> _WORK INSTRUCTIONS_: Wherever a picture appears in the listing, leave it out, and copy the rest exactly.

> _GIVEN MATERIAL_:
___

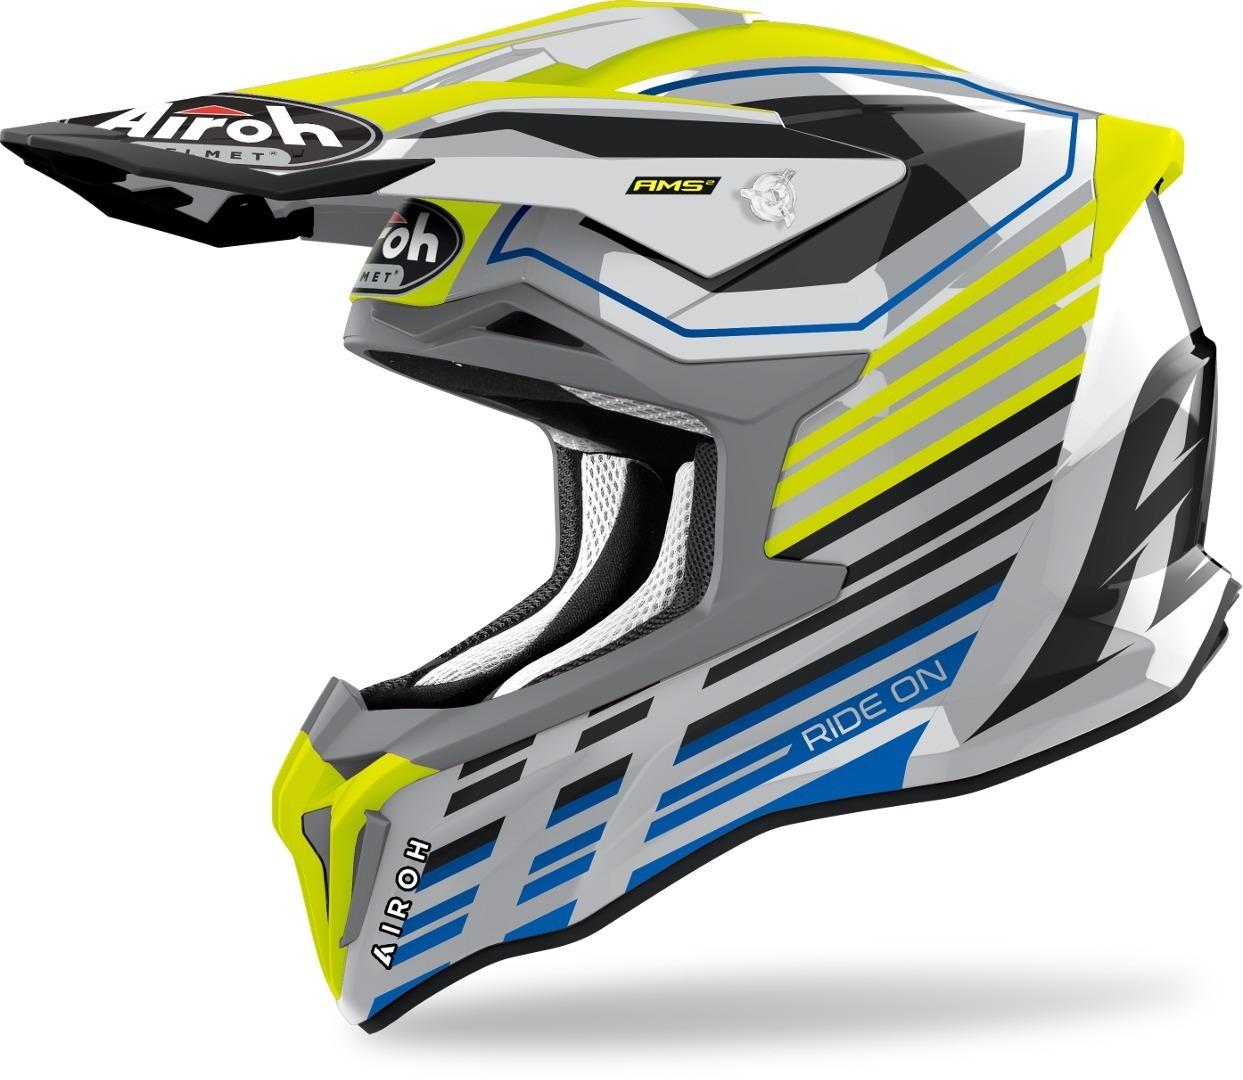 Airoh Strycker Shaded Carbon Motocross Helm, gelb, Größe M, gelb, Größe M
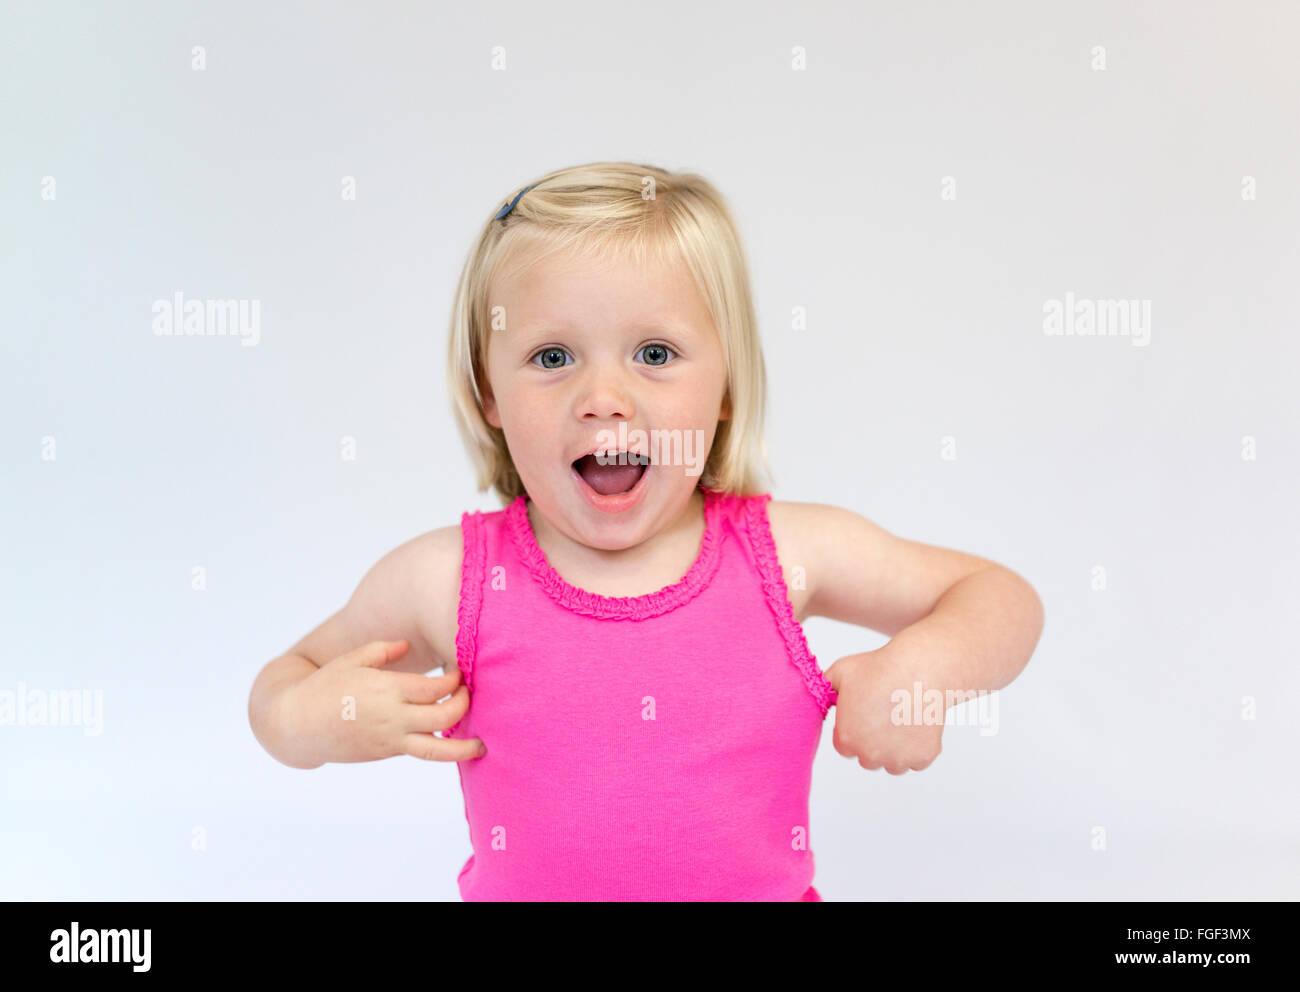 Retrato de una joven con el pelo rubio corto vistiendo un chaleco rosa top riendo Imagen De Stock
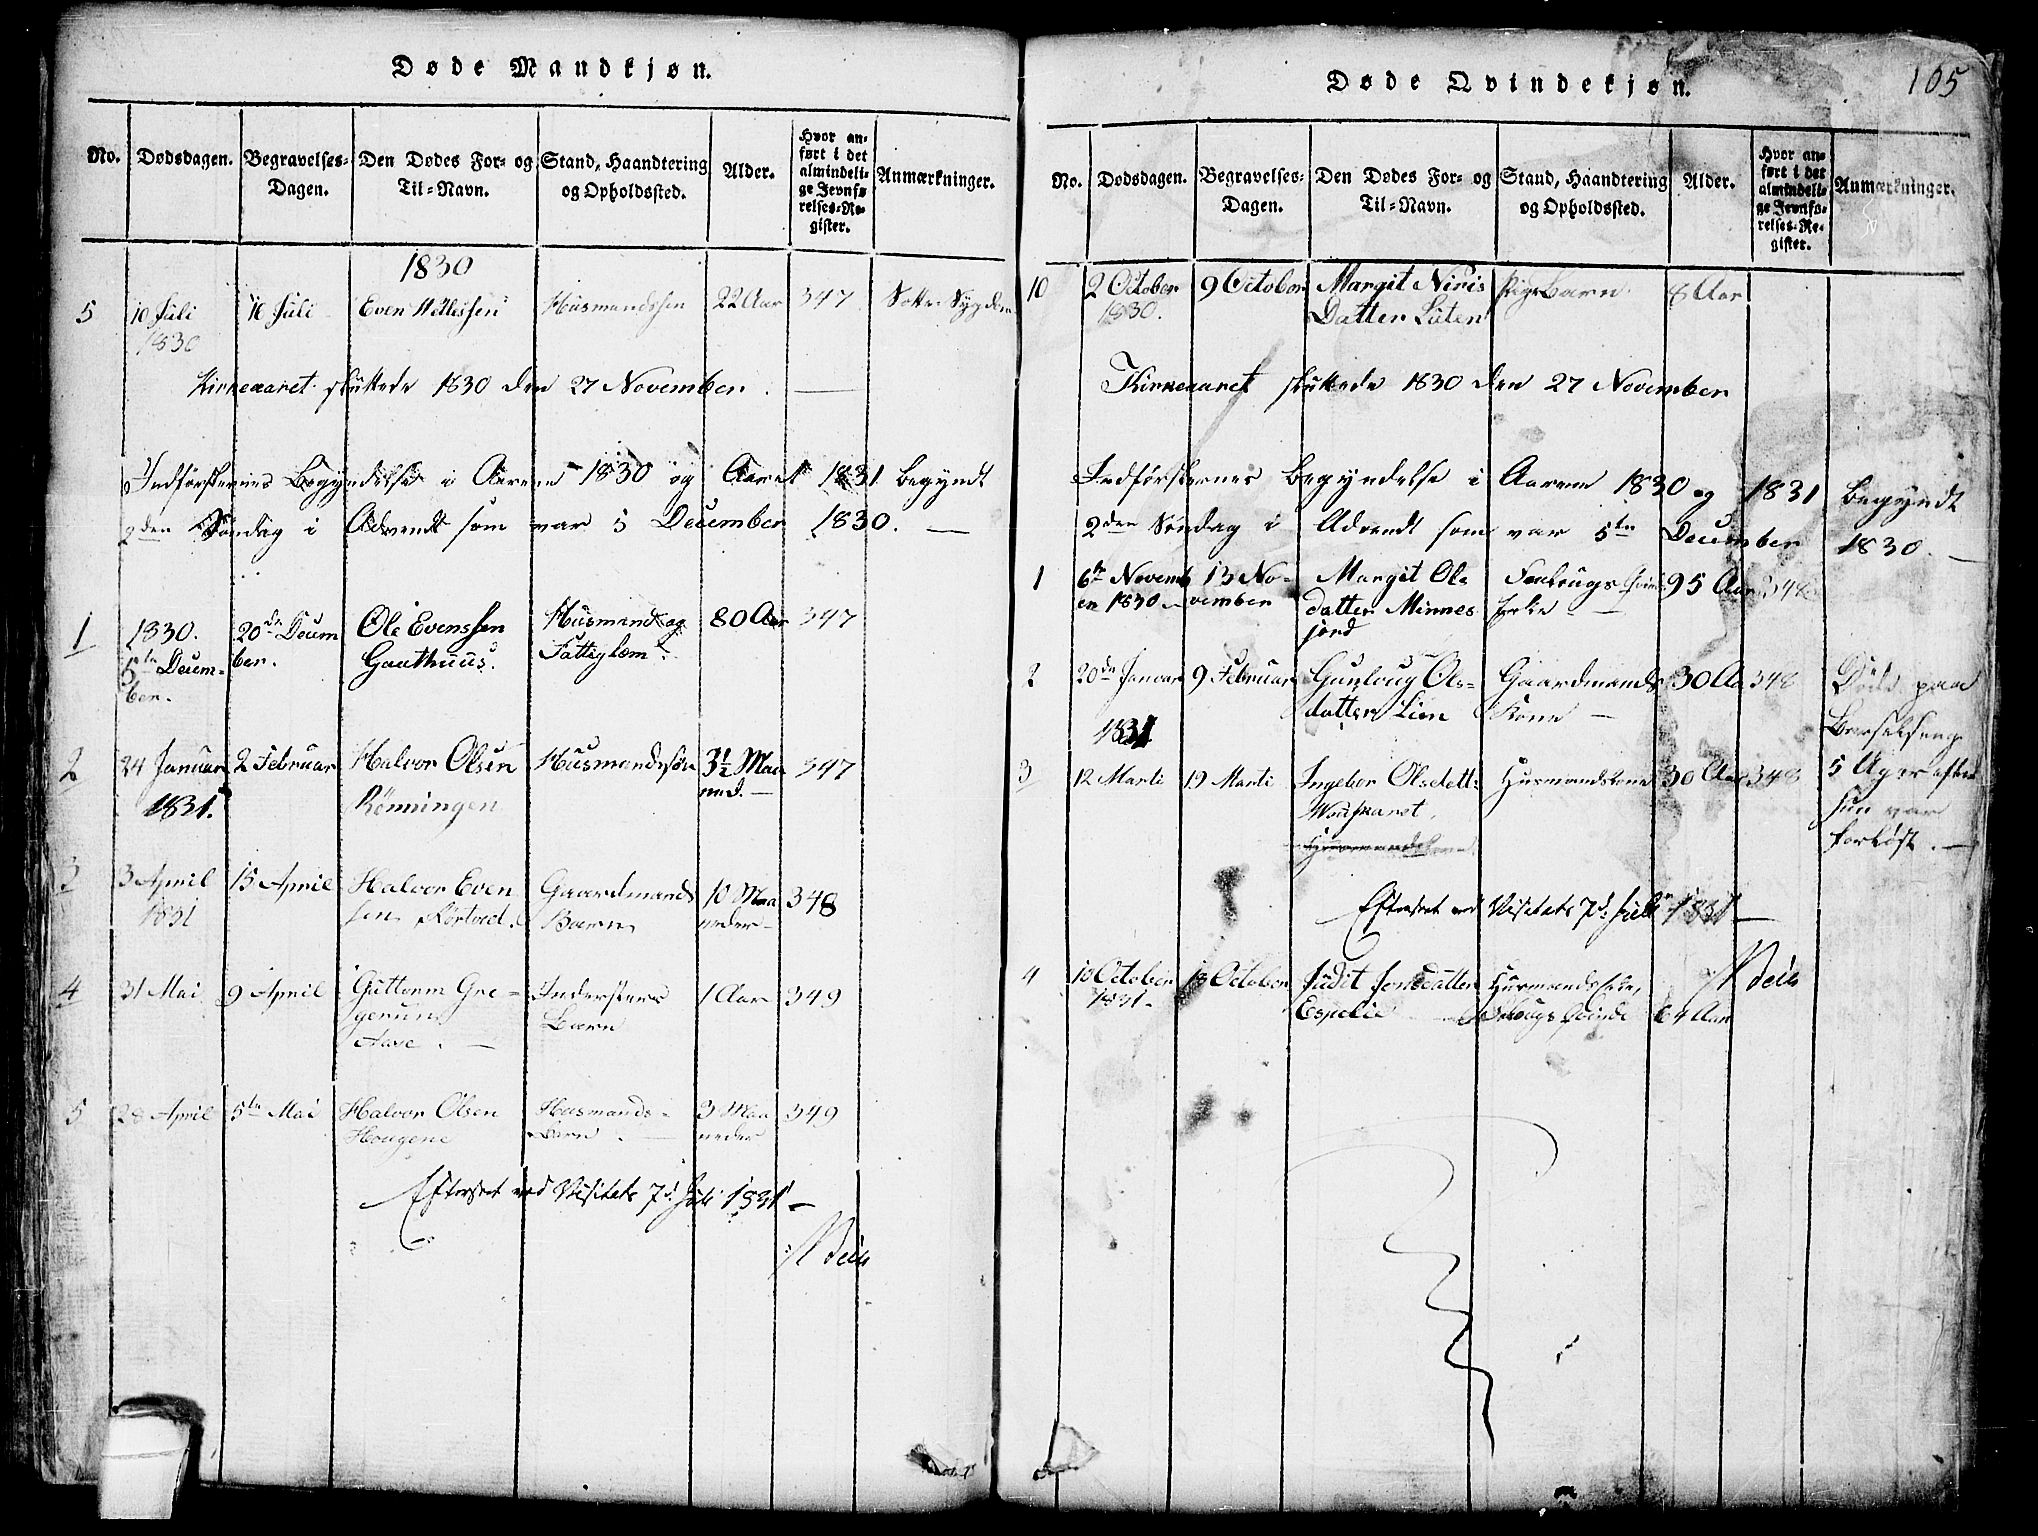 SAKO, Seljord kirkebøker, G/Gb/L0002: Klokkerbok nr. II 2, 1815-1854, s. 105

___

> _RESULT OF THIS TASK_:
 Airoh Strycker Shaded Carbon Motocross Helm, gelb, Größe M, gelb, Größe M
 Retrato de una joven con el pelo rubio corto vistiendo un chaleco rosa top riendo Imagen De Stock
 SAKO, Seljord kirkebøker, G/Gb/L0002: Klokkerbok nr. II 2, 1815-1854, s. 105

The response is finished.